Bununla birlikte, en hafif sınıflandırma olan tip 1'de bile tedavi edilmezse durumun kötüleşmesi söz konusu olabilir. Uzun bir süre boyunca, komplikasyonlar oldukça ciddi sakatlıklara ve daha nadiren felce yol açabilir. Çoğu hasta için karşılaşacakları en yaygın sorun, siringomiyeli olarak bilinen bir durumdur. Burada omurilik sıvıyla dolu uzun bir boşluğun oluşmasından etkilenir, bu tüp benzeri yapıya sirenks adı verilir. Tedavi edilmezse büyüyebilir ve hayati omurga yapılarını sıkıştırmaya başlayabilir, hasta mesane veya bağırsak kontrolünde eksiklik, ağrı ve kas güçsüzlüğü yaşayabilir.
Bir sirenks tedavisi, sıvıyı boşaltarak biriken basıncın bir kısmının ortadan kaldırılmasını içerir. Komplikasyon riski olmasına rağmen, bu sürecin genel olarak sirenksin ilerleyici doğasını durdurması ve hastanın semptomlarını hafifletmesi beklenir.
Arnold-Chiari sendromu, sonuçları geri döndürülemez olabilen ikincil bir duruma da neden olabilir. Bağlı omurilik olarak bilinir ve omuriliğin bir ucunun onu çevreleyen doku tarafından yerine kilitlenmesinden kaynaklanır. Omurilik, vücutta dolaşan beyne ve beyinden mesajlar göndererek çeşitli temel işlevleri yerine getirir. Normal bir omurgada kordon, beyin omurilik sıvısı banyosunda serbestçe yüzer, ancak kordonun bir ucu daraltılırsa gerilebilir ve hasar görebilir.
Yeterince erken fark edilirse durum tedavi edilebilir, ancak hasta büyümeye başlayana ve kordon gerginleşene kadar semptomlar ortaya çıkmayabilir. Kordon bu şekilde gerildiğinde içerideki sinir demetinin kalıcı hasara uğraması mümkündür.

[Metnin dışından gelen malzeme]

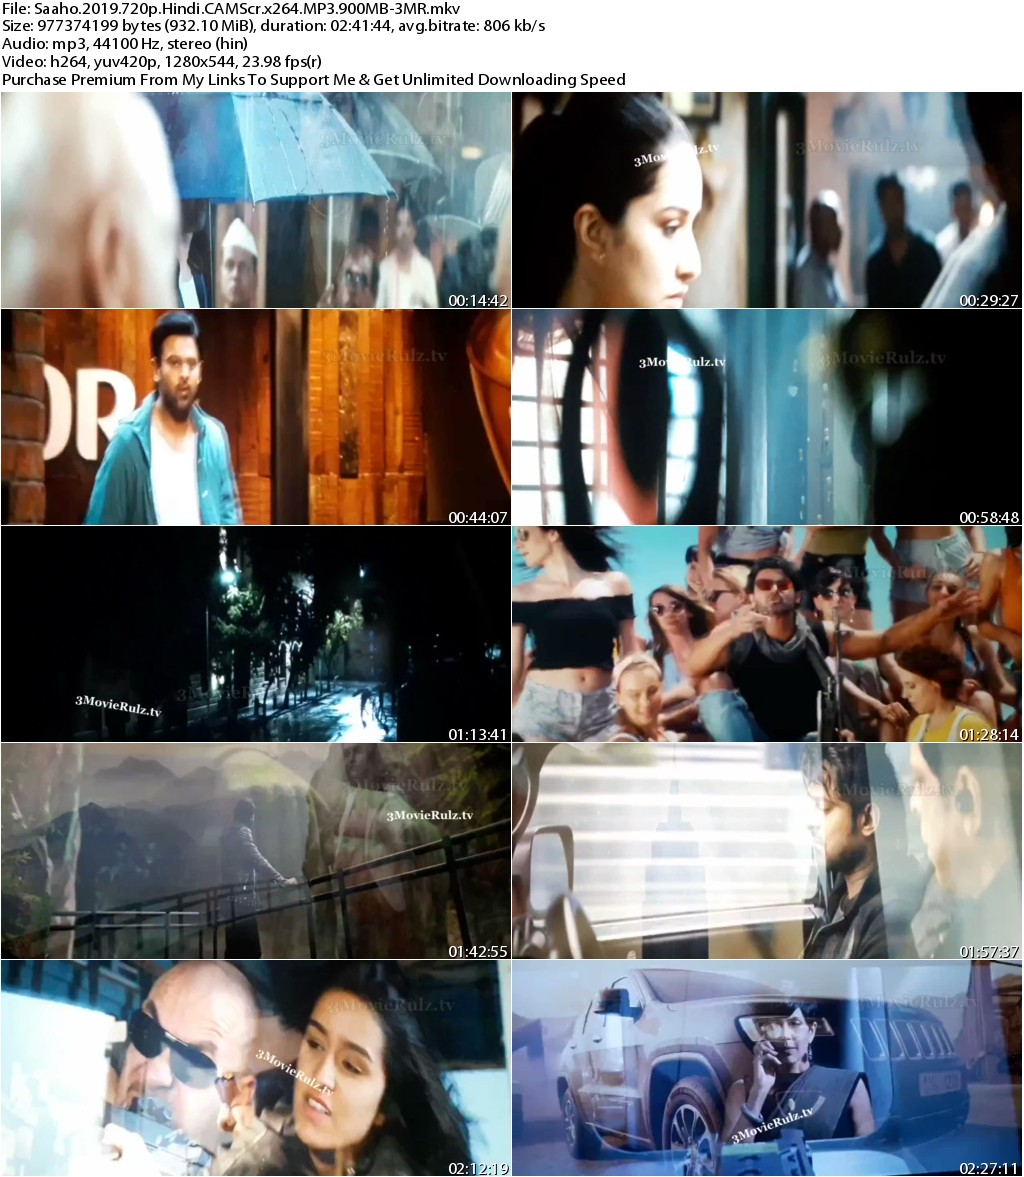 Saaho (2019) Hindi 720p CAMScr x264 MP3 900MB-3MR

Bağlı bir kordondan muzdarip bir hasta, hareket etme ve idrarını tutma konusunda zorluk yaşayabilir. Durumun daha az ciddi yönleri, sırt boyunca ve bacaklara doğru yayılan ağrı ve bu bölgelerde uyuşukluk hissi olabilir.
Yardımcı olabilecek çok sayıda cerrahi prosedür vardır; bunlar omuriliğin bağ dokusundan serbest bırakılması amacıyla gerçekleştirilir ve her vakanın ciddiyetine göre uyarlanır. Destek tedavisi, fizyoterapinin yanı sıra semptomların hafifletilmesi, ağrının giderilmesi ve idrar kaçırma danışmanlığının sağlanmasına yönelik olacaktır. Bakım paketi aynı zamanda hastanın durumunun zamanla kötüleşmemesini sağlamak için dikkatli izlemeyi de içerecektir.
Arnold-Chiari'nin nedenleri tam olarak anlaşılamamıştır, ancak gebelik sırasında başladığı bilinmektedir.